And frankly, your data should never be in question. Short of a drive failure where the whole drive dies, which would require data recovery services, your data should be safely stored. IMO that’s the premise of data storage; and bluntly, it’s the only job it has… To store, keep, and retrieve data when asked.
If it cannot do that, or has any nontrivial risk of being unable to do that, then it’s not worth the plastics that make up the case. Unless you’re using the drive as a temp/scrub/whatever disk, it’s unusable in my opinion.
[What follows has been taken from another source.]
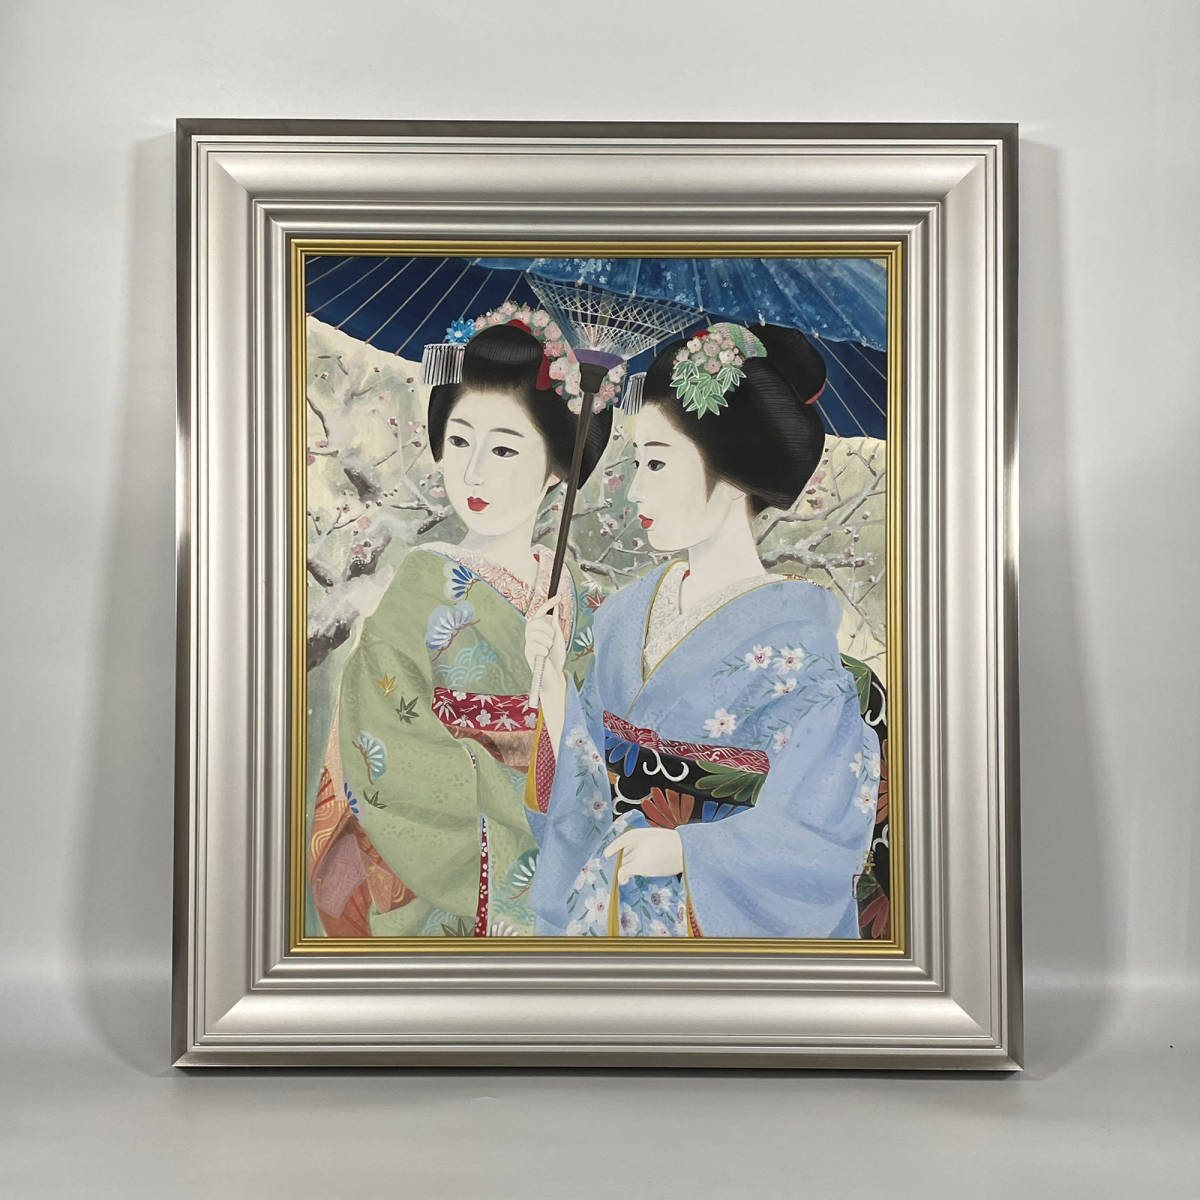 [प्रामाणिक] ■ जून नाकाओ ■ अवायुकी जापानी पेंटिंग/10 आकार मुहर के साथ/प्रामाणिक गारंटी 230921004, चित्रकारी, जापानी चित्रकला, व्यक्ति, बोधिसत्त्व
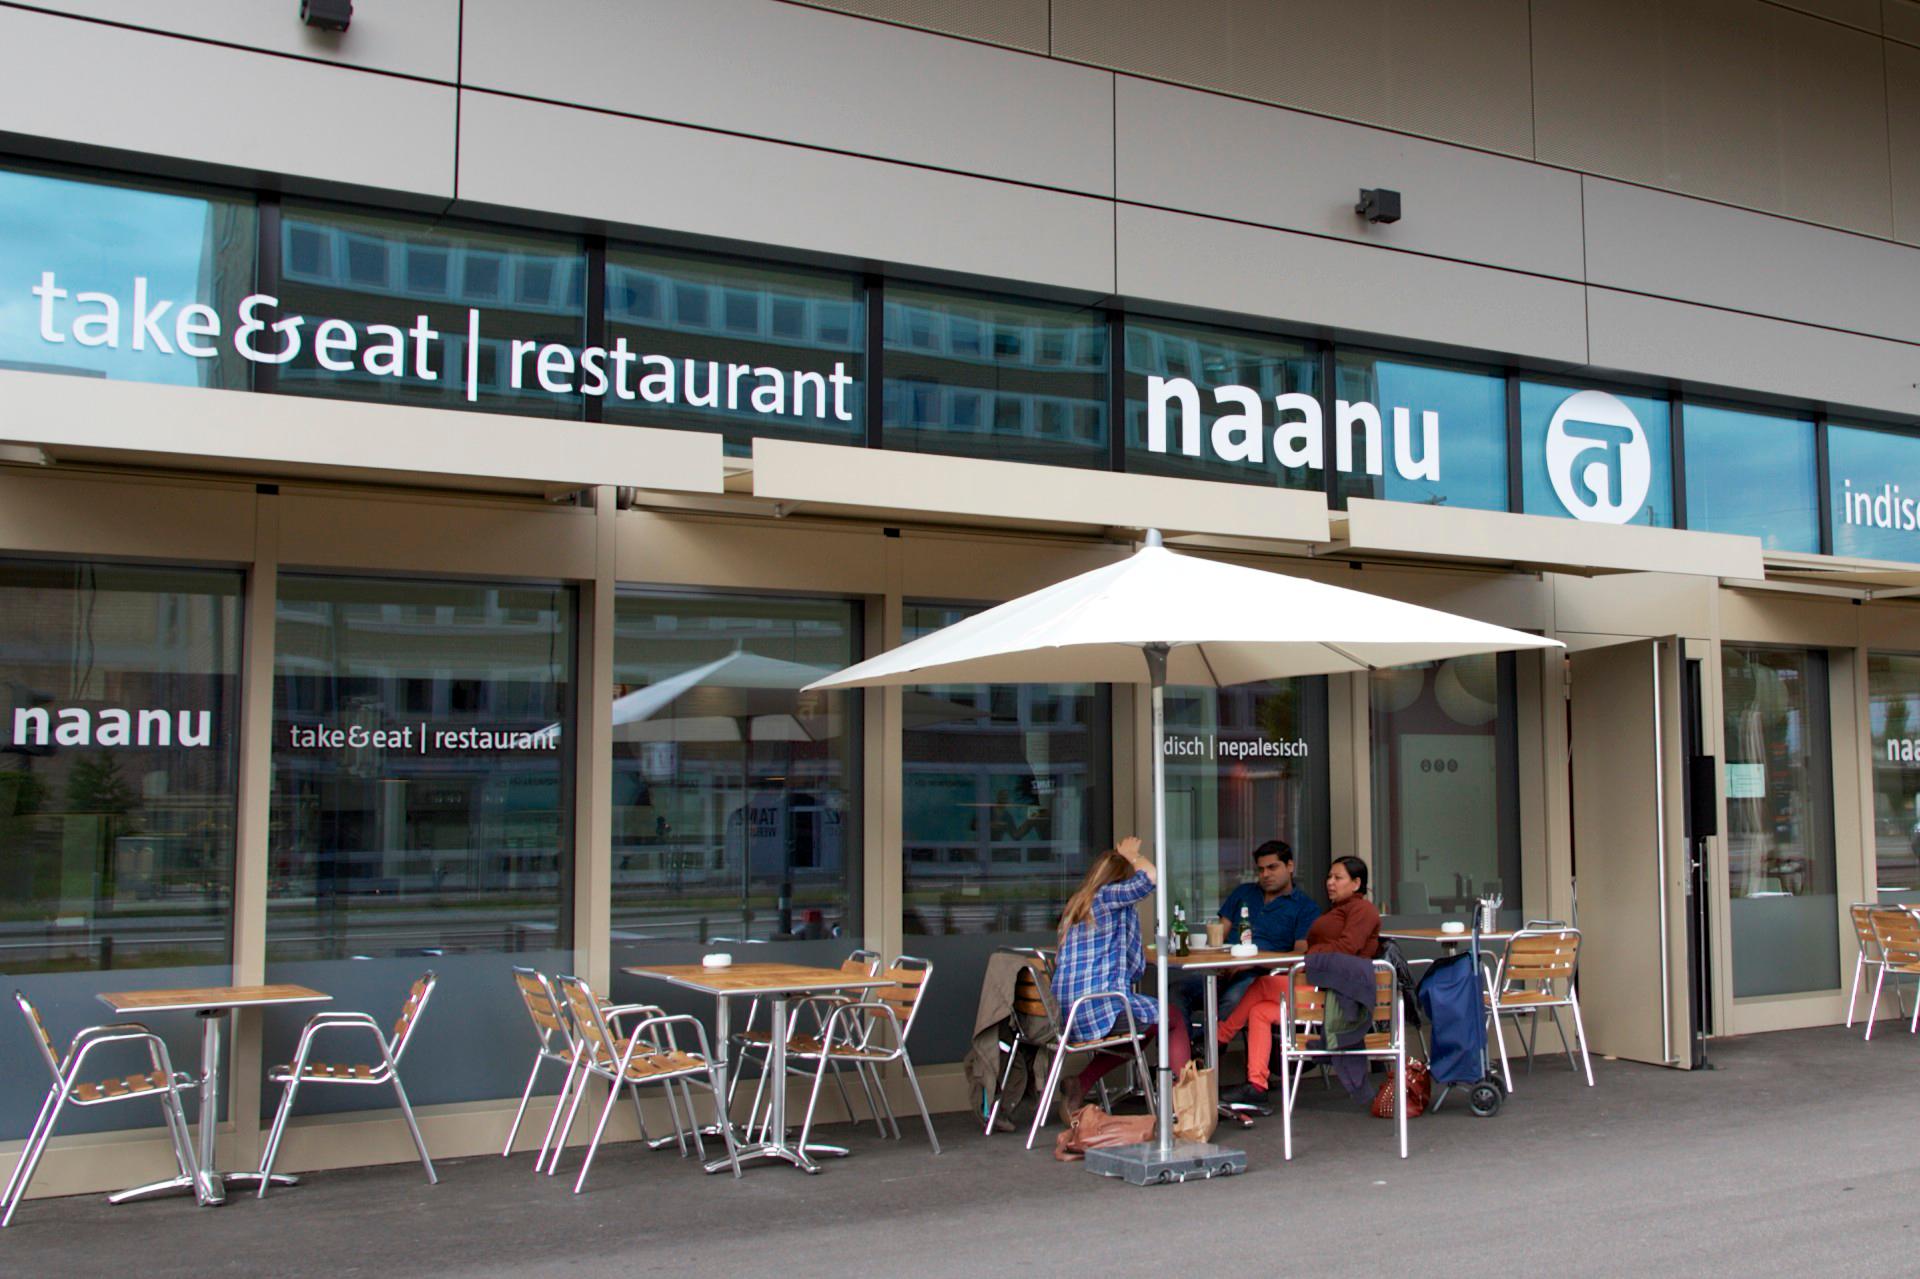 Bilder naanu take&eat / restaurant

jsh@sh.itjust.works 1 year ago
Every drive in my computer: NVME, SSD, and HDD is a WD drive. 🫣
nurple@lemmy.world 1 year ago
So far these issues only apply to these specific SSDs … fingers crossed it stays that way, because like you I’ve got a number of WD HDDs in my life.
AbidanYre@lemmy.world 1 year ago
WD got in trouble not too long ago for deceptively marketing shingled drives as conventional. Back to back issues like this is going to leave a lasting impression on the kinds of people who buy drives.
nurple@lemmy.world 1 year ago
I agree, I don’t buy WD drives any more. But I don’t want to replace the ones I already have unless it’s necessary.
Potatos_are_not_friends@lemmy.world 1 year ago
“so far” is the operative word.
xantoxis@lemmy.world 1 year ago
I think the key thing here is that older drives you already own are probably ok. At least if they’re a year old or so.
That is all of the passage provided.